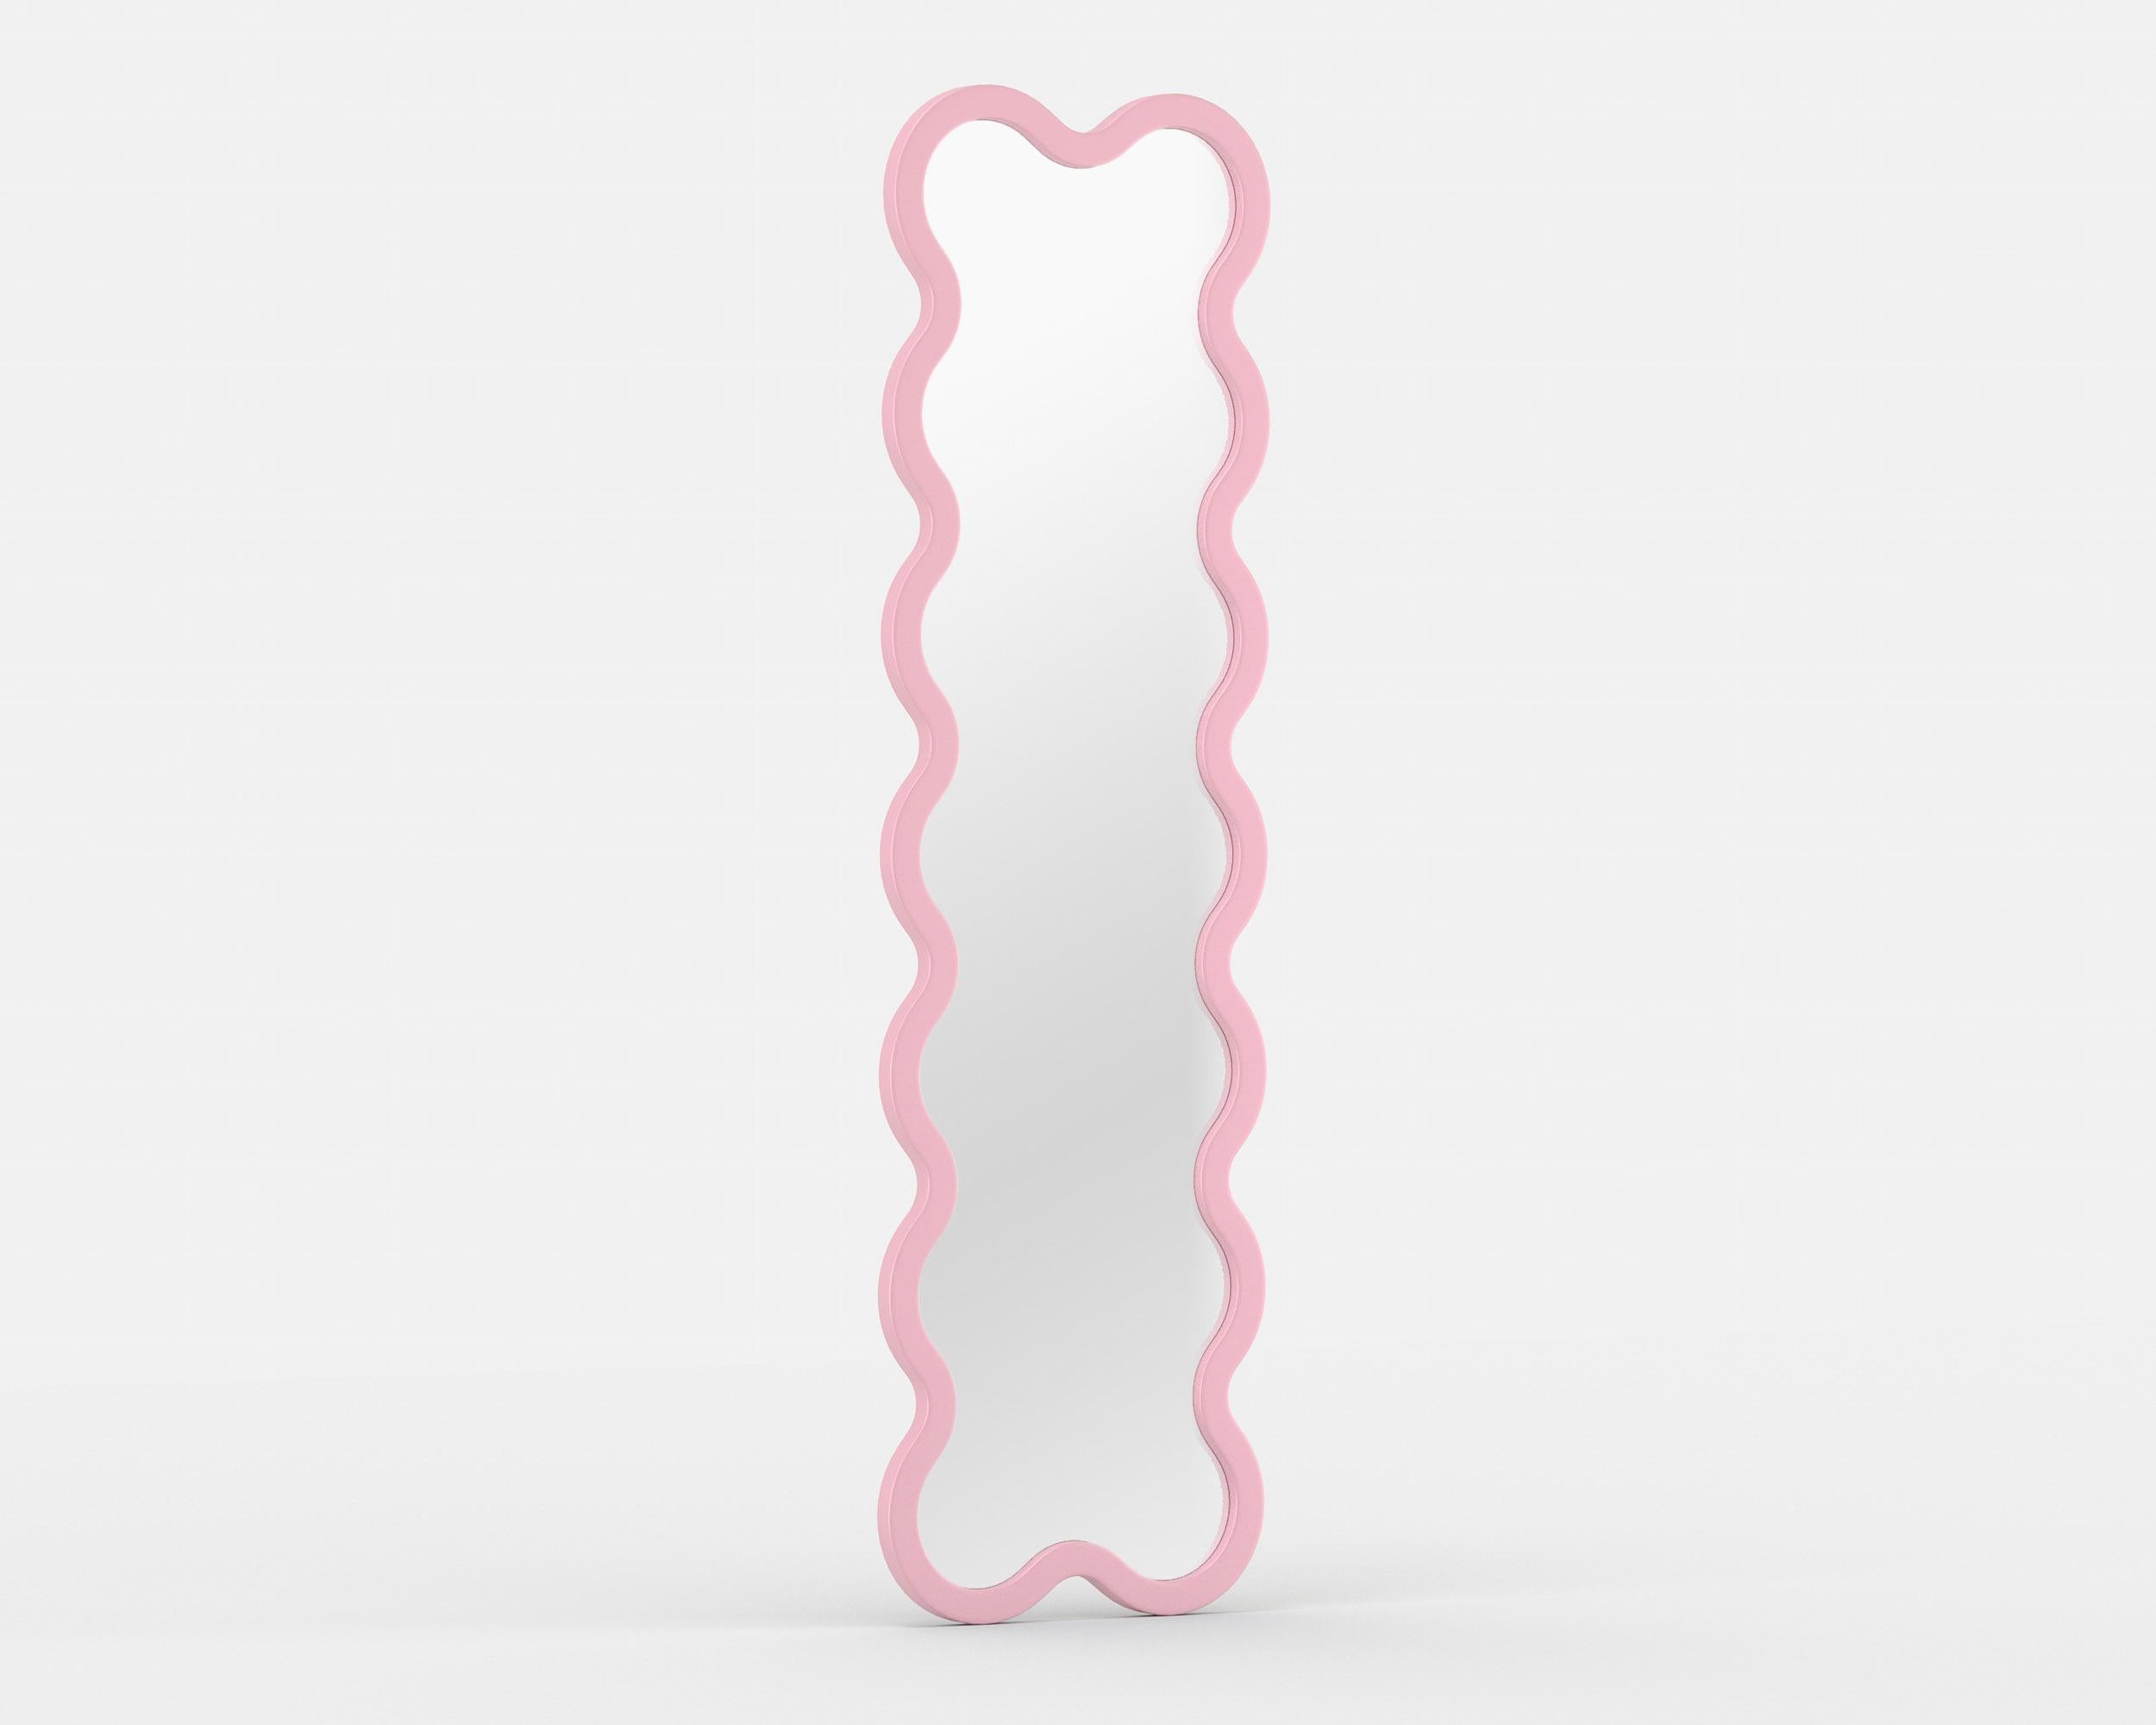 Contemporary Mirror 'Hvyli 14' by Oitoproducts.
Light Pink: RAL3015

Dimensions:
H 180 x W 52 x D 3.5 cm
H 71 x W 20.5 x D 1.3 in

Materials: Painted ecological water paint MDF, silver glass mirror, special rubber feet.

About
Melted, delicate forms
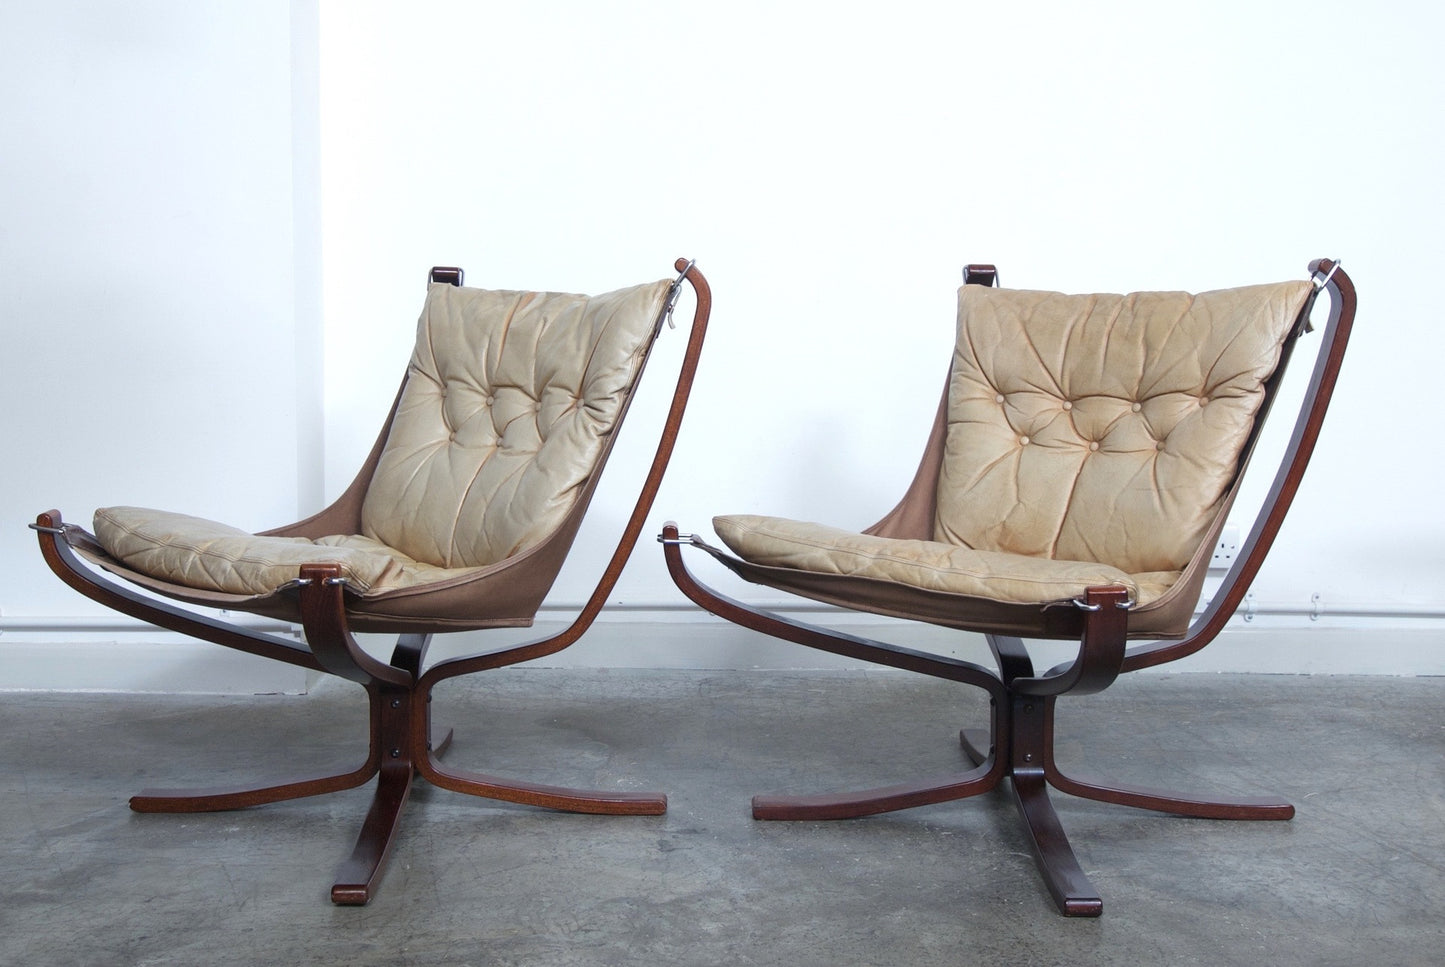 Pair of Falcon chairs

***

### ASSIGNMENT
Give back, word for word, the lines from the one with "H 180 x W 52 x D 3.5 cm" to the end of the records above, and no pictures.

### YOUR RESPONSE
H 180 x W 52 x D 3.5 cm
H 71 x W 20.5 x D 1.3 in

Materials: Painted ecological water paint MDF, silver glass mirror, special rubber feet.

About
Melted, delicate forms
 Pair of Falcon chairs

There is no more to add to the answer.